Community Media: Selected Clippings – 01/18/08 – Michigan Special Edition

Judges block Comcast channel switch
Warren wins local ruling; federal judge has similar decision.
by Mitch Hotts
Macomb Daily (MI)

A pair of court rulings late Monday appeared to have at least temporarily blocked Comcast’s controversial plans to switch community access channels but it wasn’t immediately clear whether the rulings had impacts on communities that are not involved in the lawsuits.   —>

Judges: Community access channels cannot be moved
Ann Arbor News (MI)

Comcast cannot move community access channels higher up the dial – and out of the reach of thousands of Michigan cable subscribers with analog televisions – under a temporary order issued earlier this week by a Macomb County judge.  Chief Circuit Judge David Viviano’s ruling could affect 400,000 Comcast customers statewide. Comcast is a major cable provider in Livingston County.   —>

Less access
Comcast channel plan not in public interest
Flint Journal First Edition (MI)

Comcast, having benefited richly over decades from its cable television monopoly in Michigan communities, should feel compelled to give something of value back.  Not much has been asked, although one small concession historically from Comcast to this community and others has been a public access channel for locally produced programming, which has been broadcast on Channel 17 in much of this area.

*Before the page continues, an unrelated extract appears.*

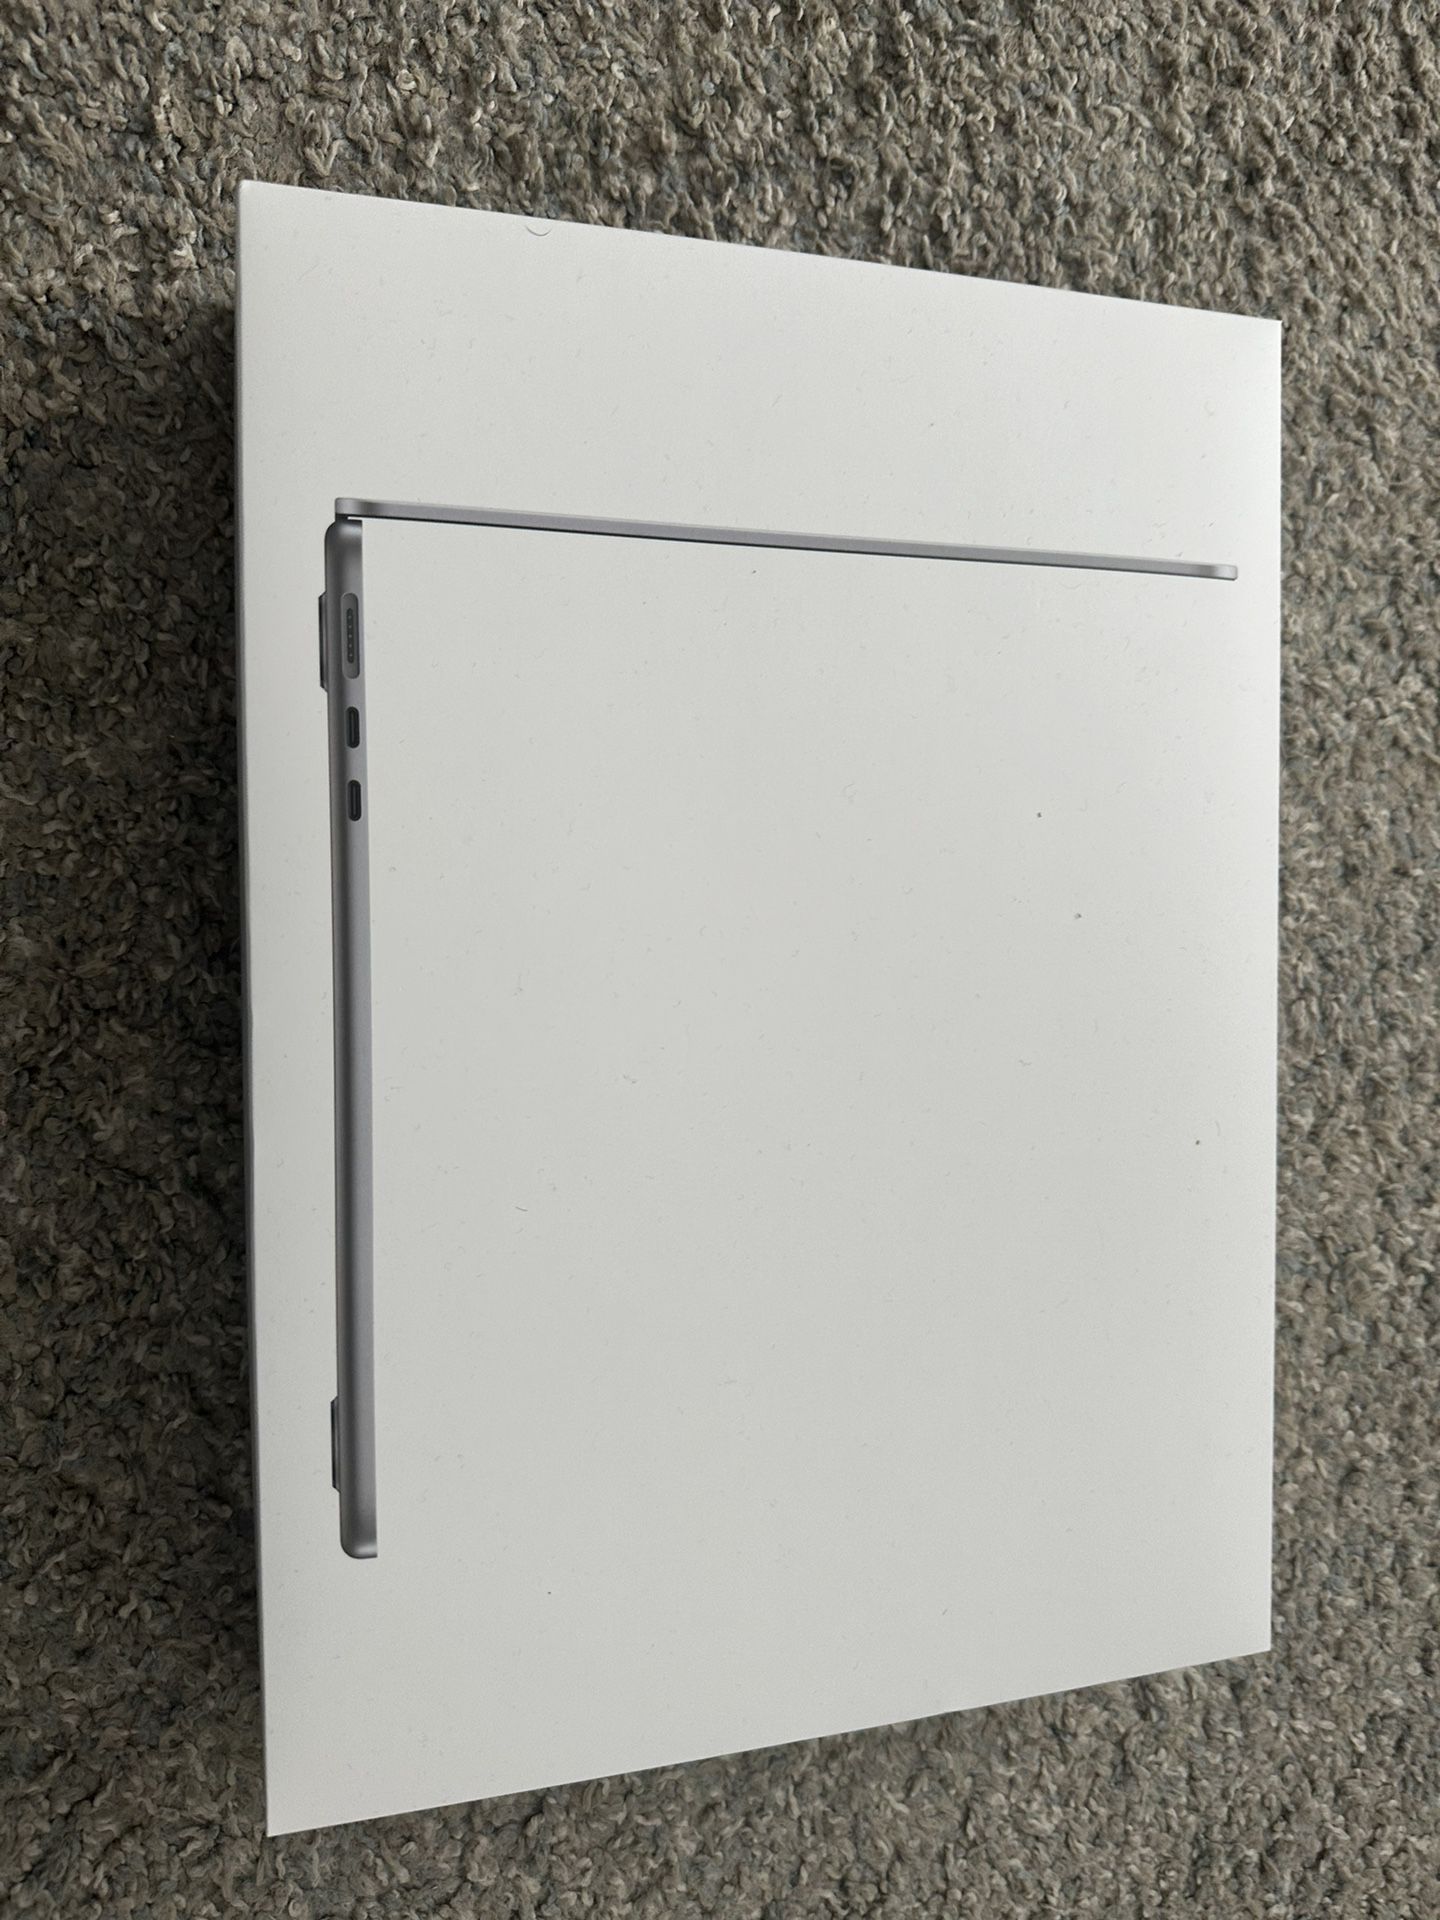 M2 MacBook Air Box Only

No more, says Comcast, which wants to relegate public access to a 900 number instead, freeing up the more convenient 17 for customers paying premium rates for exclusive programming.

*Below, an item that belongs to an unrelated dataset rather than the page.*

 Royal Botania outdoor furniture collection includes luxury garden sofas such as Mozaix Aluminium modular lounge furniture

It seems an arrogant slight, an insult from which advocates for keeping the traditional and more user-friendly access at 17 have won relief from federal and state courts, at least temporarily. Additional help could be on the way as U.S. Rep. John Dingell, D-Dearborn, chairman of the House Energy and Commerce Committee, prepares to hold hearings on Comcast’s legal obligations vis-a-vis public, educational and government access (PEG).

Comcast is coming through as nothing short of selfish and insensitive. Public access is relied on by communities to share information about events and to air government proceedings in their entirety. Equally enriching, community-based producers – with messages to share but no ready medium – are able to show their own programs, some of which are popular and spark debate.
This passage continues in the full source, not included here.